The climax (and possibly sole reason for this Sydney excursion) was dining at the Quay Restaurant. Yes, the sister had booked us in months in advance and she made sure we arrived well ahead of time, in our best appearance, of course. Thankfully for us, the weather had been kind and we managed to venture the surrounding area prior to our booked dinner time.
The restaurant staff were very professional and attentive towards our needs, which is always a positive gesture, especially when good ambience = happy visitors. We studied the menu a week before we landed in Sydney and hence, were just stuck on the task of deciding what to drink!
A fancy looking spoon which deserves a picture! Please excuse my behaviour; I am easily intrigued by new discoveries heh.

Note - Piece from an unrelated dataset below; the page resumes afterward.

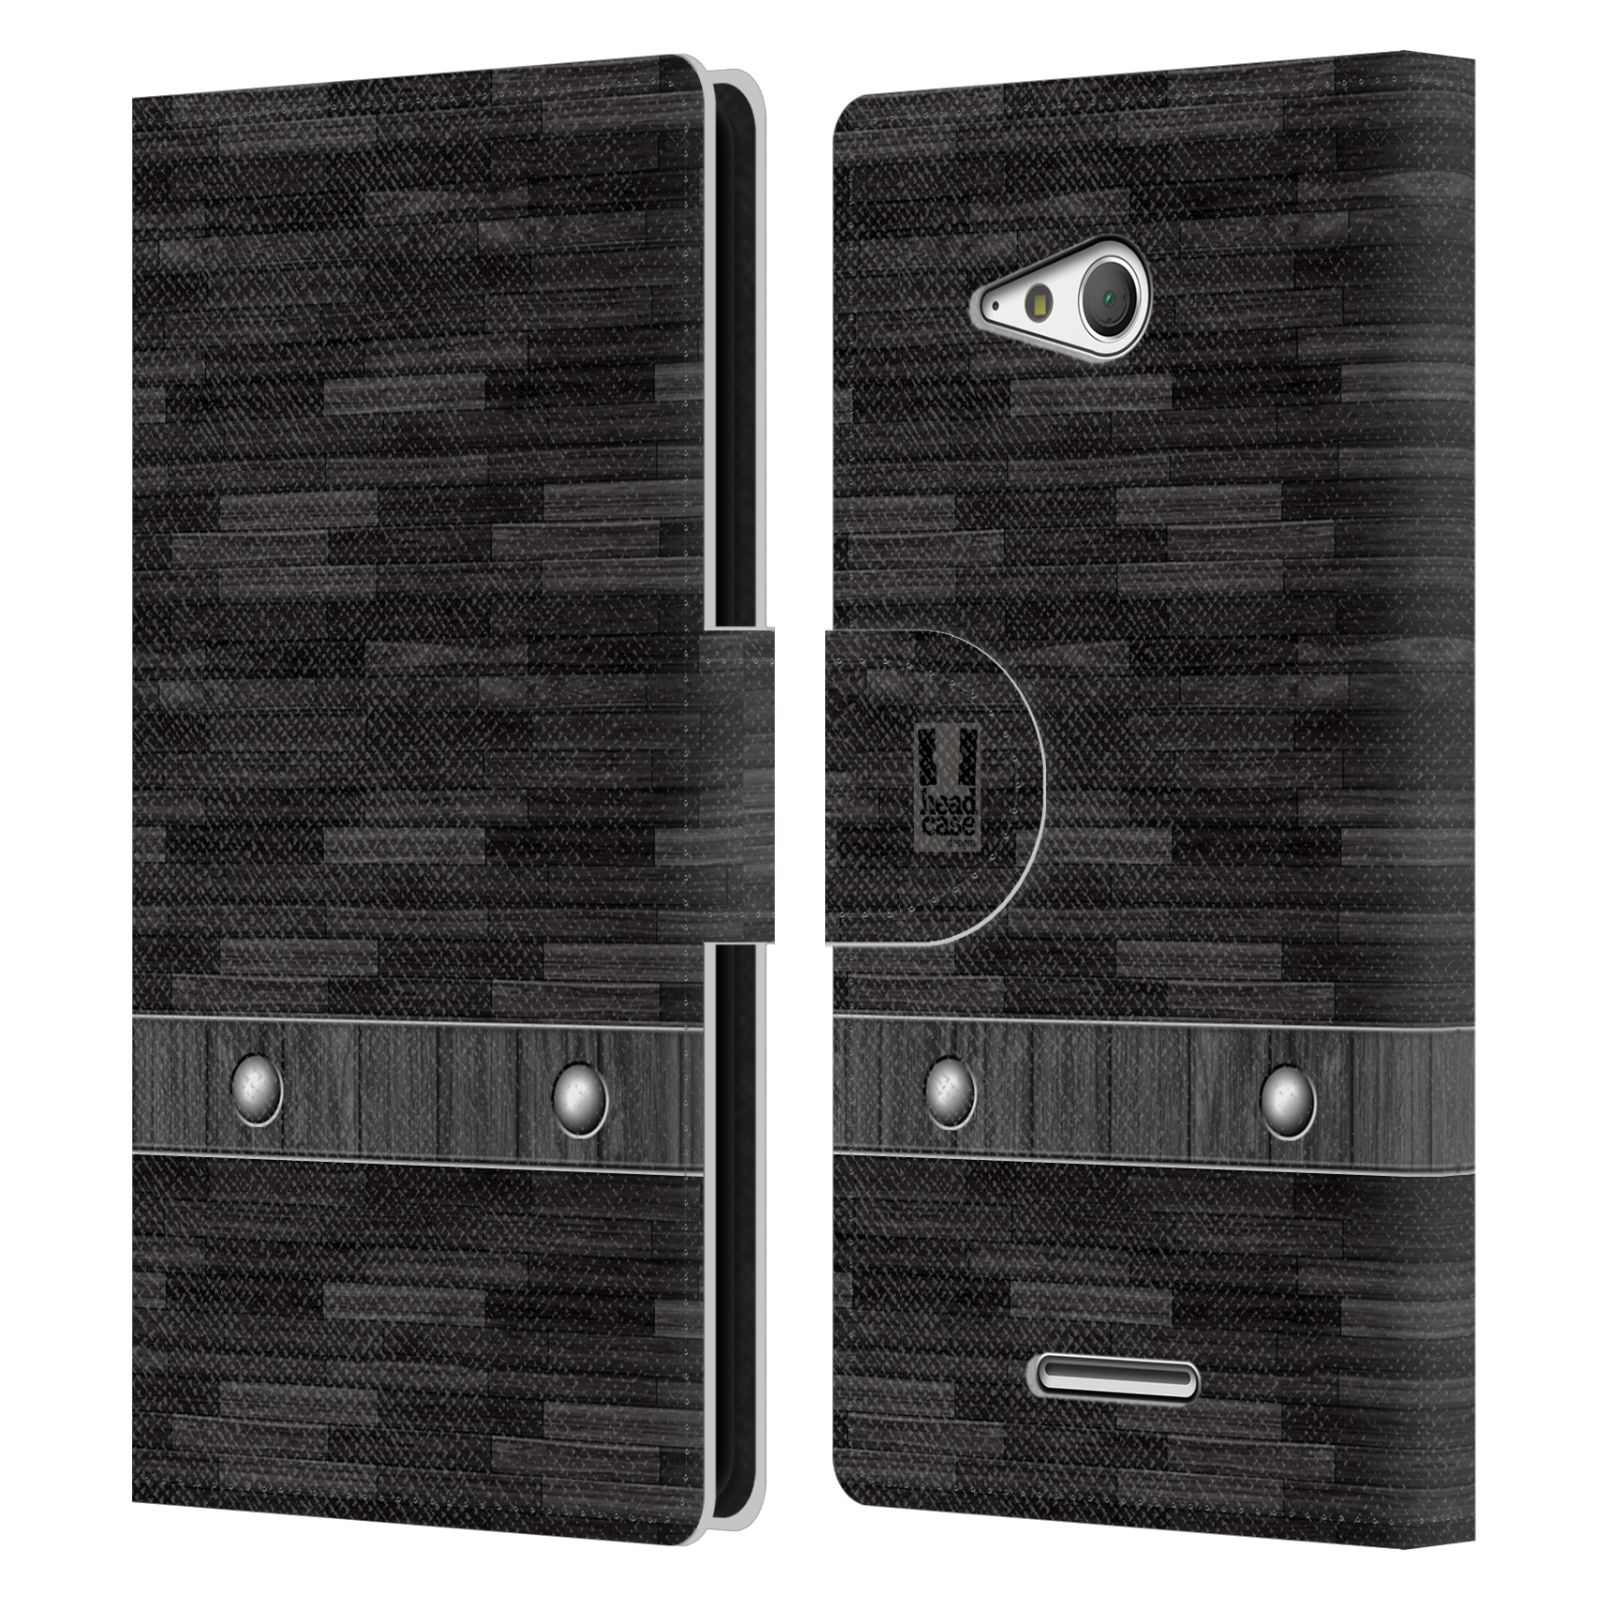 HEAD CASE Flipové pouzdro pro mobil SONY XPERIA E4g stavební textury dřevo černá barva

I had an apple martini whilst basking under the Sydney bridge lights.
Housebread is essential and a good indicator of how well the kitchen operates. Cold or stale bread is a big no no and am happy to clarify that the ones in this restaurant was warm, fluffy and fresh!
Complementary consomme to start the meal. The consomme was full of flavour and the addition of the mousse layer (from what I think I remember it was) works harmoniously together.
Fragrant poached chicken, white radish, sea scallops, pea blossoms, smoked white eggplant cream and virgin black sesame oil ~ As seen from Masterchef, this is a very technical dish but well-worth the effort. The chicken was moist, the eggplant cream was subtle but yet flavourful and the scallops were cooked perfectly.
Raw smoked Blackmore wagyu, fresh dory roe, horseradish juice, soured cream, milk skin ~ I have never had raw beef before and am surprised at how moist it was. I can hardly taste any undesirable beef-y aroma as I took a small mouthful of it. The milk skin was feather thin, which added a lovely contrasting texture to the overall dish.
Smoked and confit pig cheek, shiitake, shaved scallop, Jerusalem artichoke leaves bay and juniper ~ another subtle but yet aromatic dish produced by Peter Gilmore and have successful convinced me to appreciate other animal parts which are often underrated.
Roasted goose, forbidden rice, black miso and hatsuke radish ~ once again, I have not had goose before and wondered if this was a piece of salmon! I often associate meat with more robust flavours and am intrigued by the fusion of Asian flavours with the meat. Not a heavy/ filling dish and it got me excited for the next plate.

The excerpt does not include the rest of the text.